Europace ; 23(5): 797-805, 2021 05 21.
Article en En | MEDLINE | ID: mdl-33219671
ABSTRACT

AIMS:

To assess in patients with transient loss of consciousness the diagnostic yield, accuracy, and safety of the structured approach as described in the ESC guidelines in a tertiary referral syncope unit. METHODS AND

RESULTS:

Prospective cohort study including 264 consecutive patients (≥18 years) referred with at least one self-reported episode of transient loss of consciousness and presenting to the syncope unit between October 2012 and February 2015. The study consisted of three phases history taking (Phase 1), autonomic function tests (AFTs) (Phase 2), and after 1.5-year follow-up with assessment by a multidisciplinary committee (Phase 3).

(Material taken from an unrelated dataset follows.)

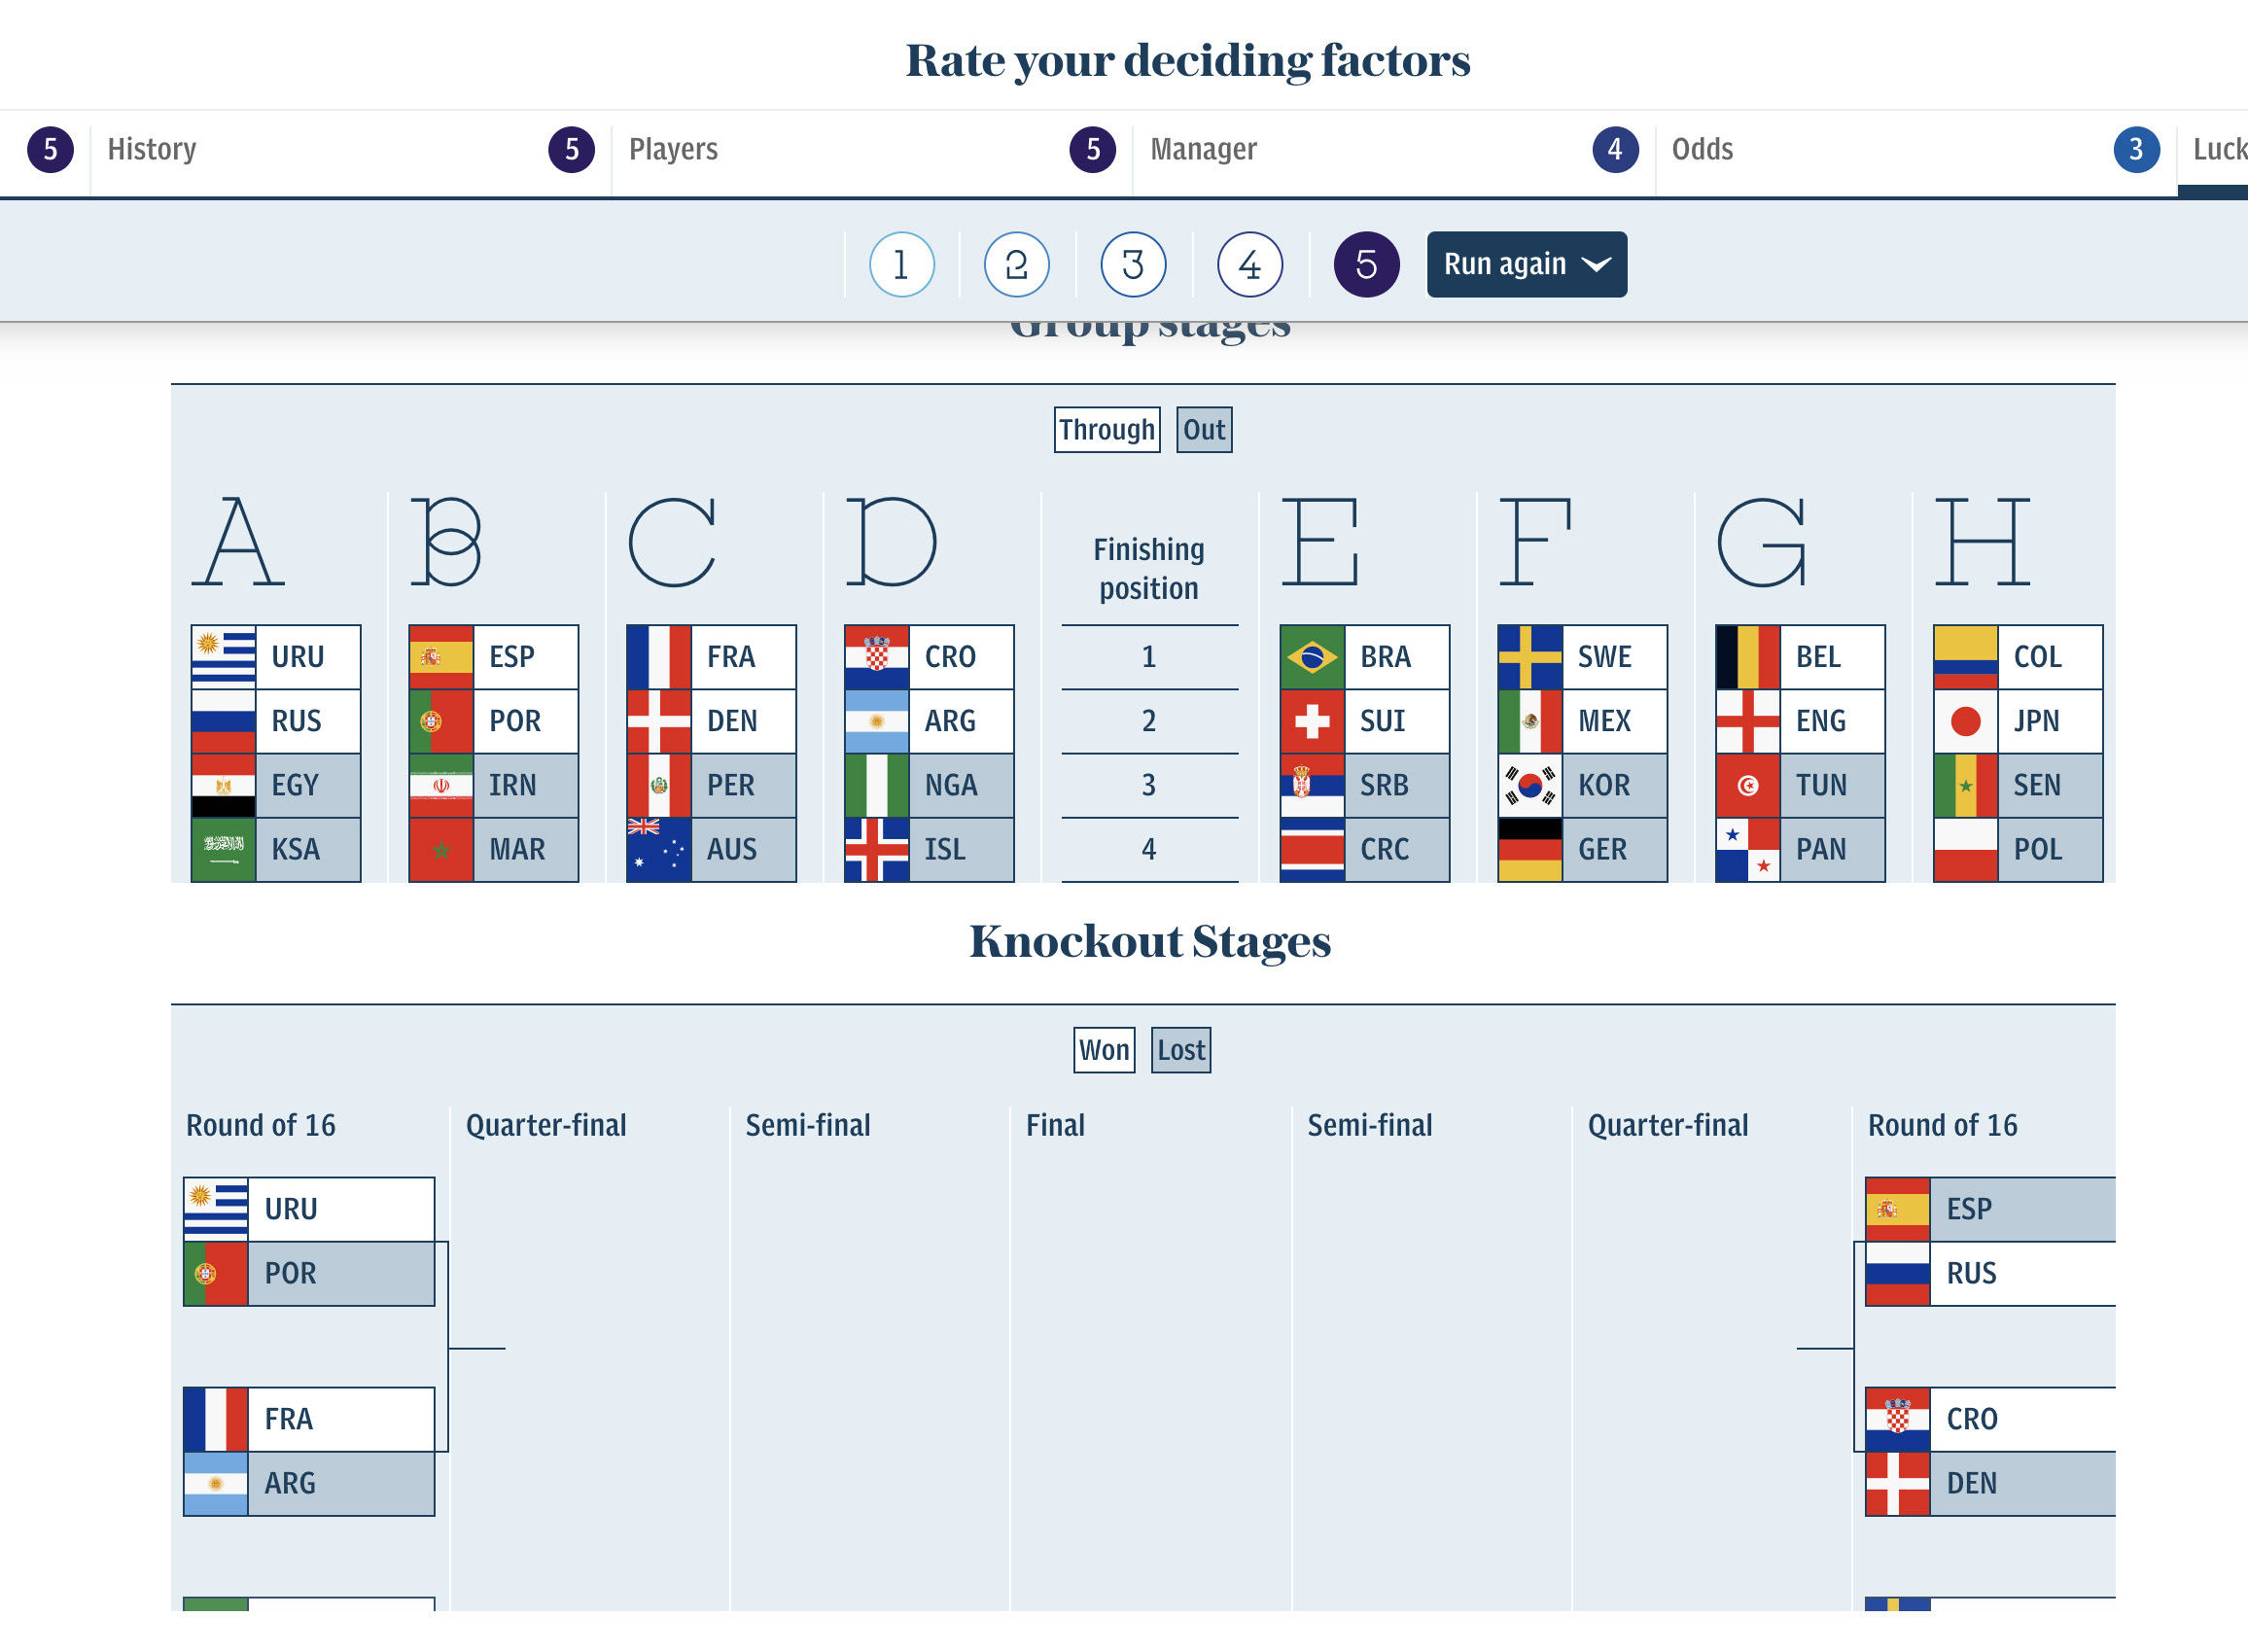 Rate your deciding factors and find out who will be the World Cup champion

Diagnostic yield was assessed after Phases 1 and 2. Empirical diagnostic accuracy was measured for diagnoses according to the ESC guidelines after Phase 3. The diagnostic yield after Phase 1 (history taking) was 94.7% (95% CI 91.1-97.0%, 250/264 patients) and increased to 97.0% (93.9-98.6%, 256/264 patients) after Phase 2. The overall diagnostic accuracy (as established in Phase 3) of the Phases 1 and 2 diagnoses was 90.6% (95% CI 86.2-93.8%, 232/256 patients). No life-threatening conditions were missed. Three patients died, two unrelated to the cause of transient loss of consciousness, and one whom remained undiagnosed.

CONCLUSION:

A clinical work-up at a tertiary syncope unit using the ESC guidelines has a high diagnostic yield, accuracy, and safety. History taking (Phase 1) is the most important diagnostic tool. Autonomic function tests never changed the Phase 1 diagnosis but helped to increase the certainty of the Phase 1 diagnosis in many patients and yield additional diagnoses in patients who remained undiagnosed after Phase 1. Diagnoses were inaccurate in 9.4%, but no serious conditions were missed. This is adequate for clinical practice.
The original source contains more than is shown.